This means the model’s output for each batch has two values per example (one for each class), but the labels only have one value per example, so the shapes do not match for the loss function being used.

To fix this problem, we use one-hot encoding. This takes each label and turns it into a vector where the correct class position is 1 and the other is 0. For example, the label 0 becomes [1, 0] and the label 1 becomes [0, 1]. Now, the labels have the same shape as the model’s outputs ([batch_size, 2]), which allows the loss function to compare them directly without errors. We apply this one-hot encoding to both the training and test datasets and then set their format for PyTorch so that the Trainer can use them in model training and evaluation.



In [8]:
from transformers import AutoModelForSequenceClassification
import torch
import numpy as np

#Load the pre-trained model architecture suitable for sequence classification
model_Seq_class = AutoModelForSequenceClassification.from_pretrained(model_name, num_labels=2)

# Move the model to gpu
device = torch.device("cuda" if torch.cuda.is_available() else "cpu")
model_Seq_class.to(device)

#one hot encoding to correct the label format (if human-written the convert to [1,0] if AI then [0,1])
def one_hot_encode(example):
    label = example['labels']
    one_hot = np.zeros(2)
    one_hot[int(label)] = 1
    example['labels'] = one_hot
    return example

# Apply one-hot encoding to the tokenized datasets
train_tokenized_one_hot = train_tokenized.map(one_hot_encode)
test_tokenized_one_hot = test_tokenized.map(one_hot_encode)

# Set the format for PyTorch
train_tokenized_one_hot.set_format("torch", columns=["input_ids", "attention_mask", "labels"])
test_tokenized_one_hot.set_format("torch", columns=["input_ids", "attention_mask", "labels"])

model.safetensors:   0%|          | 0.00/268M [00:00<?, ?B/s]

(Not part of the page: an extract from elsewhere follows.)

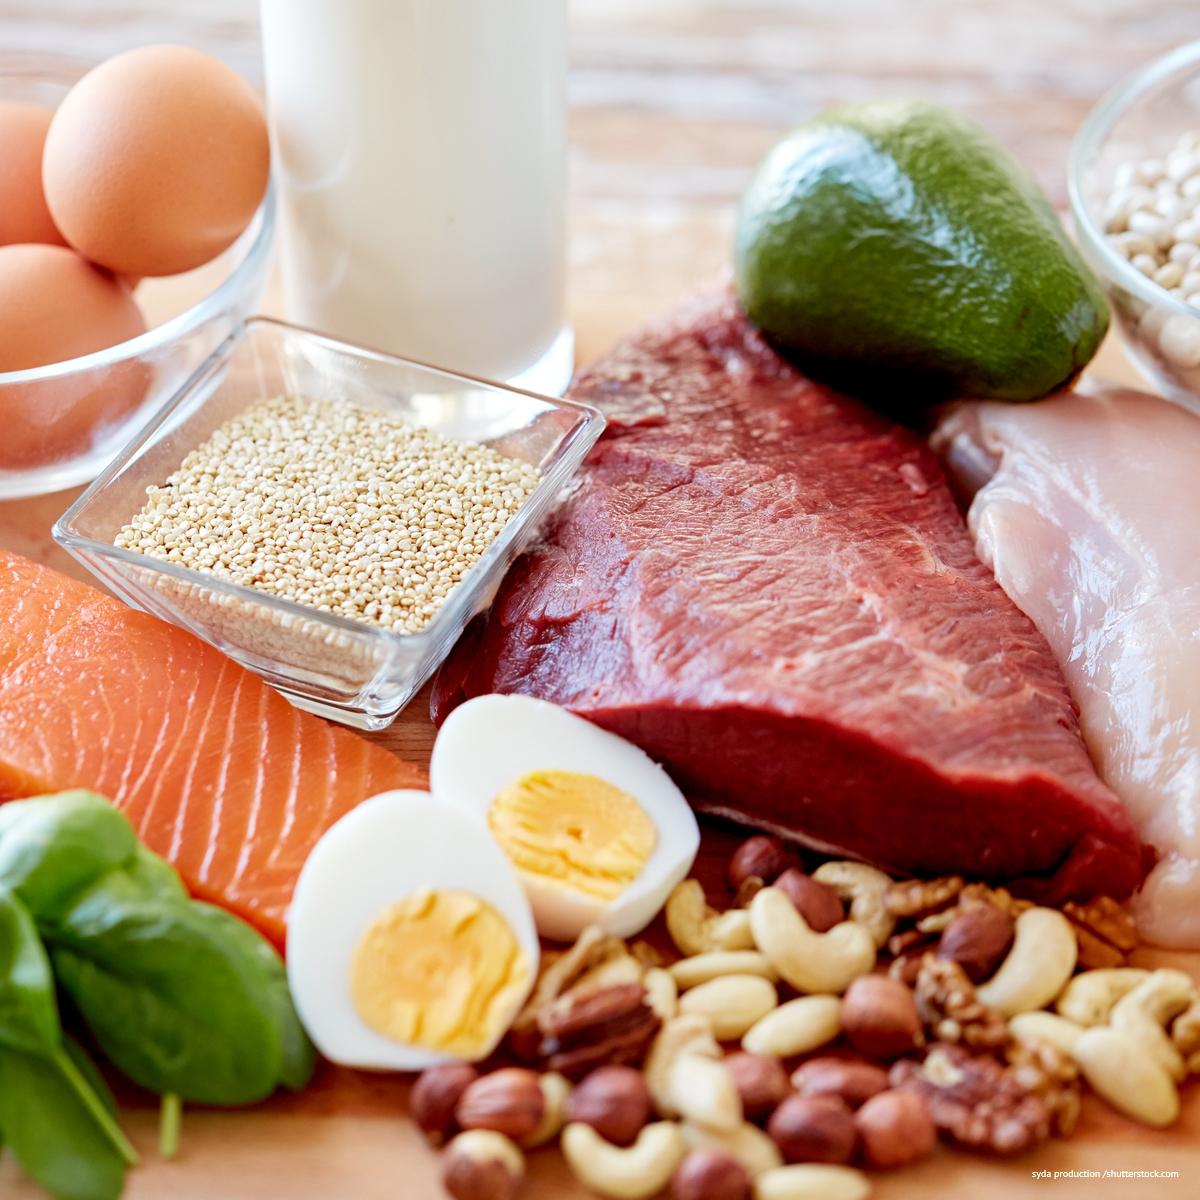 10-Lebensmittel-mit-hoher-Nährstoffdichte-fuer-Vitamin-B12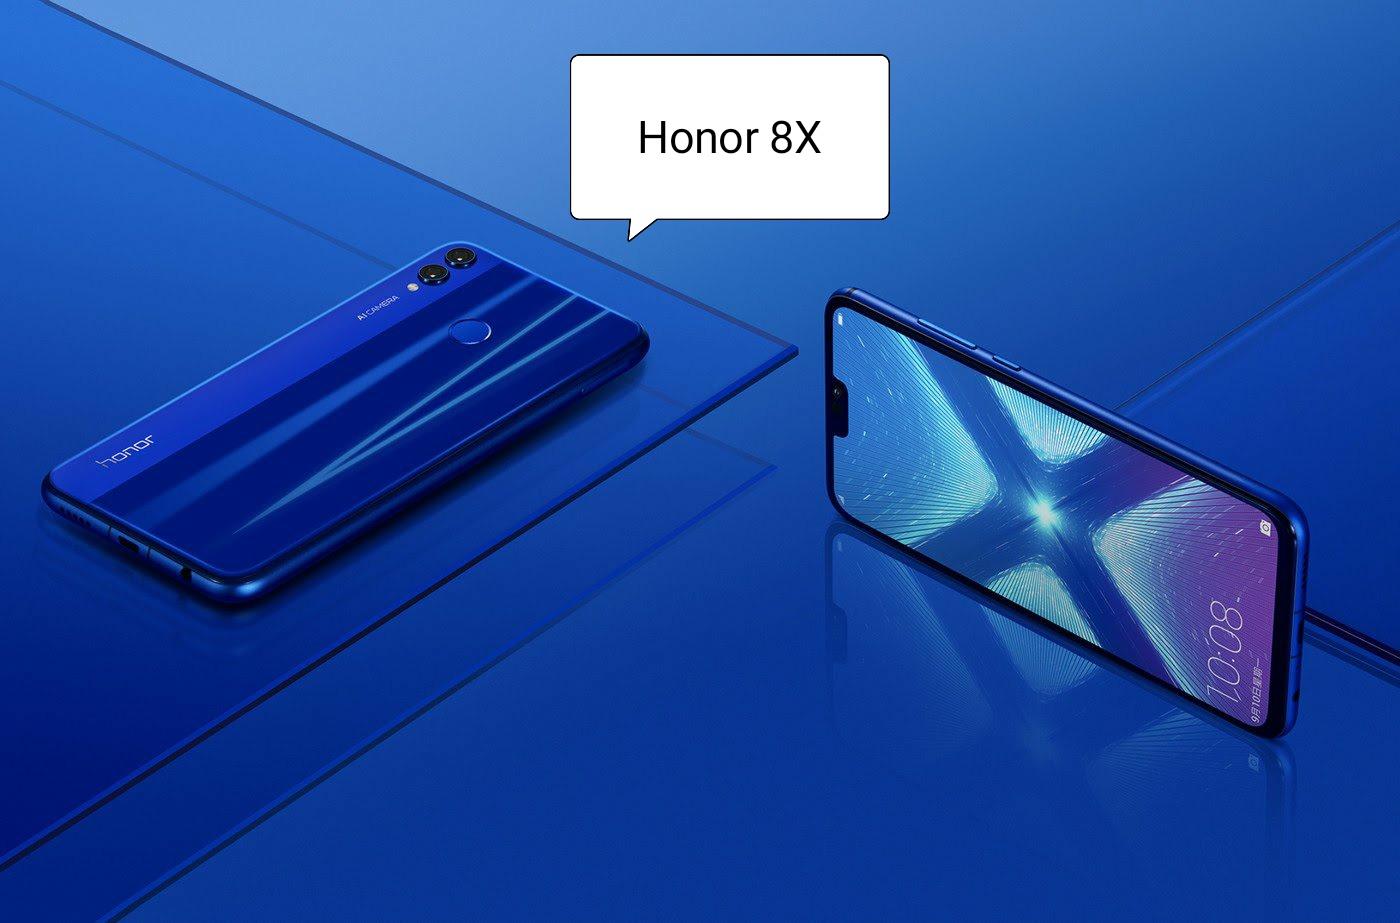 Honor 8X Specs

Some weights of DistilBertForSequenceClassification were not initialized from the model checkpoint at distilbert-base-uncased and are newly initialized: ['classifier.bias', 'classifier.weight', 'pre_classifier.bias', 'pre_classifier.weight']
You should probably TRAIN this model on a down-stream task to be able to use it for predictions and inference.


Map:   0%|          | 0/11694 [00:00<?, ? examples/s]

Map:   0%|          | 0/2923 [00:00<?, ? examples/s]

Now, we set up the training arguments that will control how the model is fine-tuned. We use the TrainingArguments class from the Transformers library to define all the important settings in one place.

1. We specify the output_dir where the model files and results will be saved after training,
2. We set eval_strategy to "epoch" so that the model will be evaluated once after each full pass through the training data. The number of training epochs is set to 1, meaning the model will see the entire training dataset only once in this run.
3. We define the batch sizes for both training and evaluation as 8, which means the model will process 8 examples at a time.
4. we set logging_strategy to "steps" so that training information is printed every certain number of steps, and logging_steps is set to 100 so this happens every 100 batches.
5. We choose a learning rate of 2e-5, which controls how quickly the model’s weights are updated during training,
6. A weight decay value of 0.01 is also set, which helps prevent overfitting by slightly penalizing large weight values.
7. We also set report_to="none" to make sure no training logs are sent to external tracking tools like Weights & Biases.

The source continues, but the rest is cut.